The lines below must be transcribed exactly as given, with the images removed.

» **Data section**:
..............................

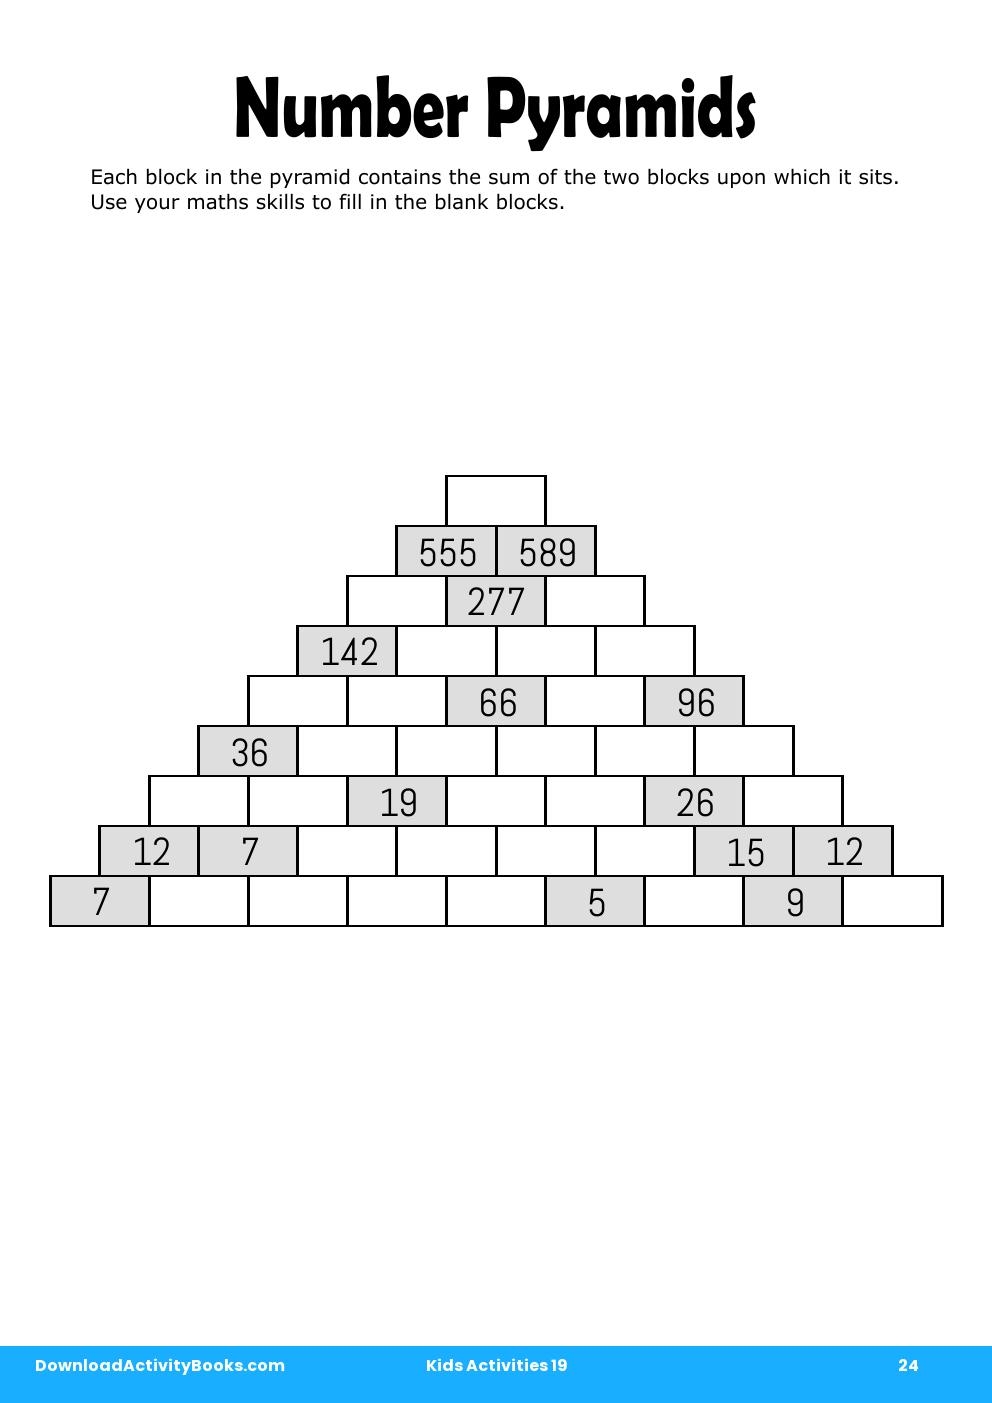 Number Pyramids in Kids Activities 19
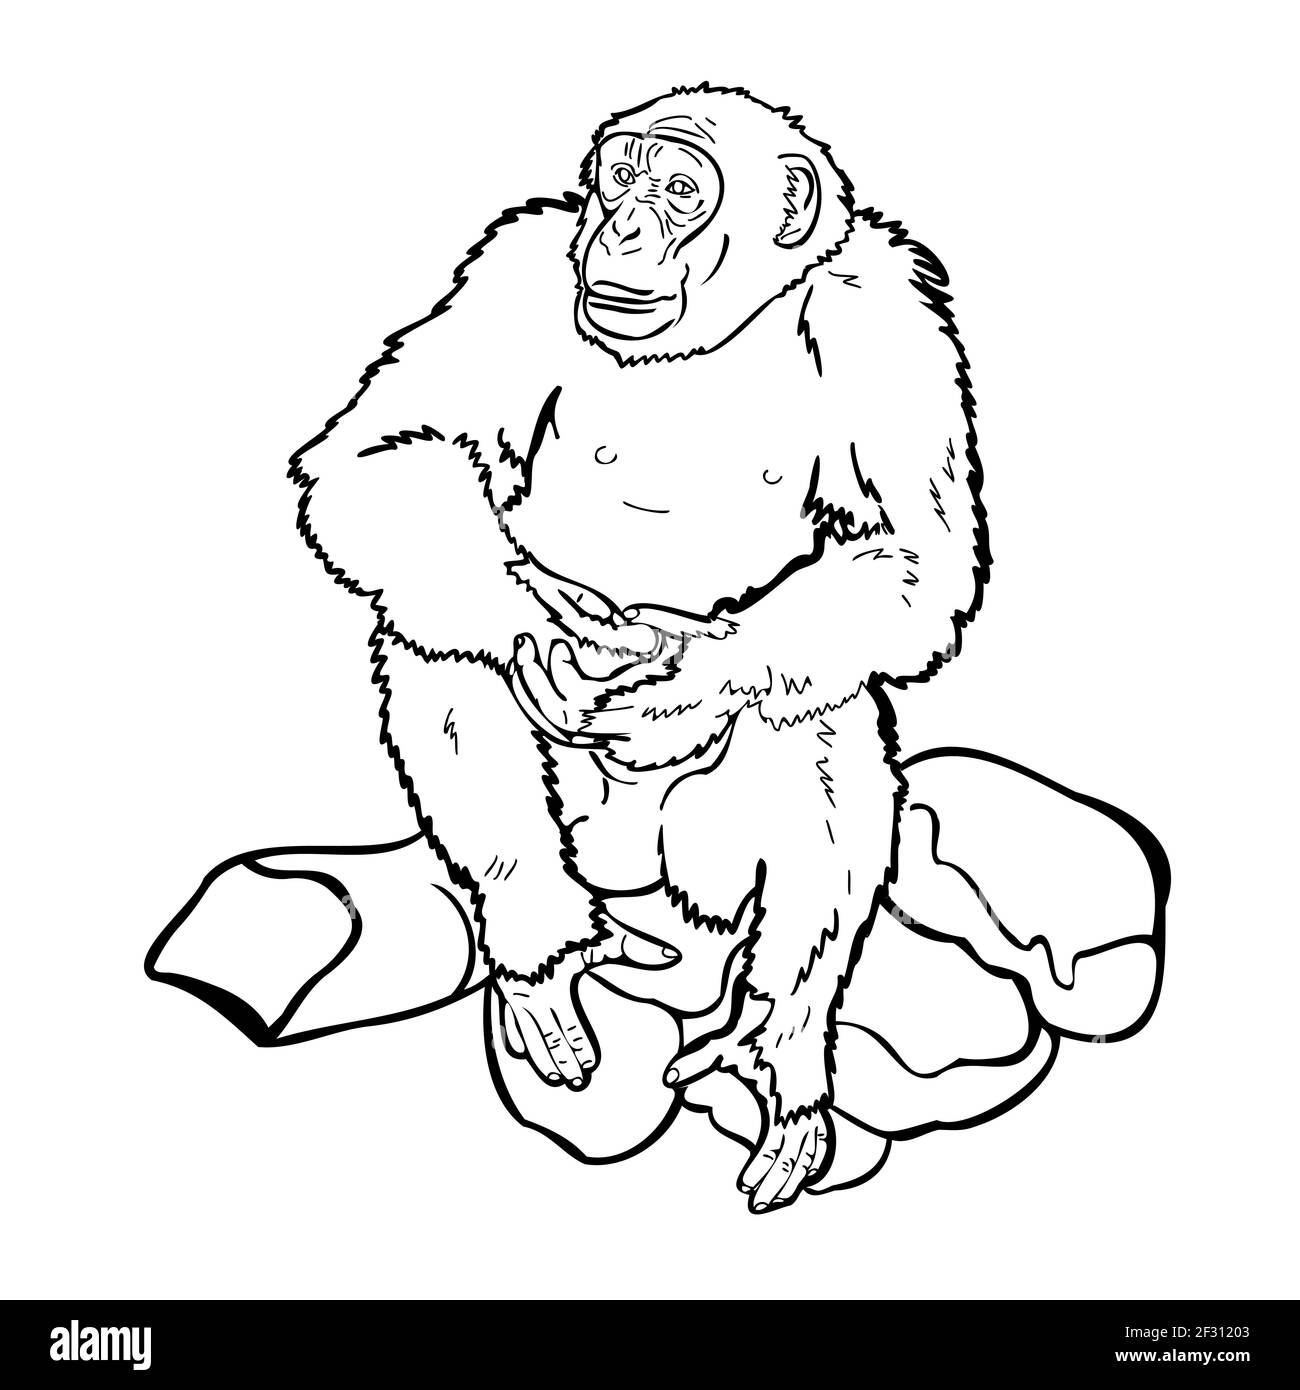 Schimpansen auf Felsen sitzend, Zeichnung illustraion schwarz-weiß, Vektor-Illustration. Stock Vektor
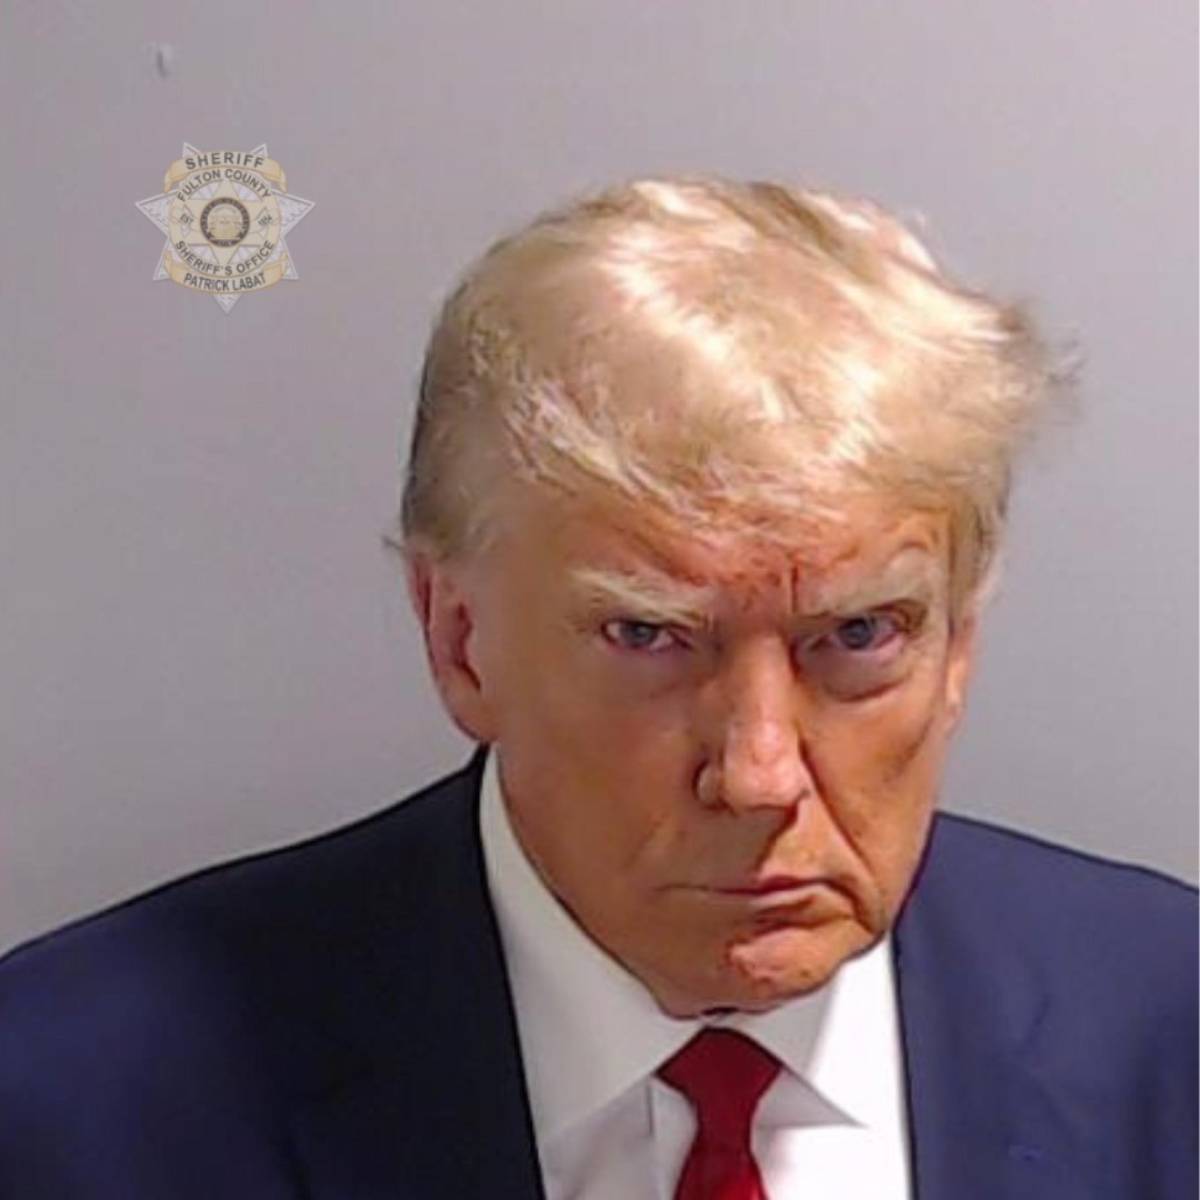 L'arresto di Trump è già una sfida: "Non ho fatto nulla di sbagliato"

..............................

» **Answer to the problem**:
 Number Pyramids in Kids Activities 19
 Schimpansen auf Felsen sitzend, Zeichnung illustraion schwarz-weiß, Vektor-Illustration. Stock Vektor
 L'arresto di Trump è già una sfida: "Non ho fatto nulla di sbagliato"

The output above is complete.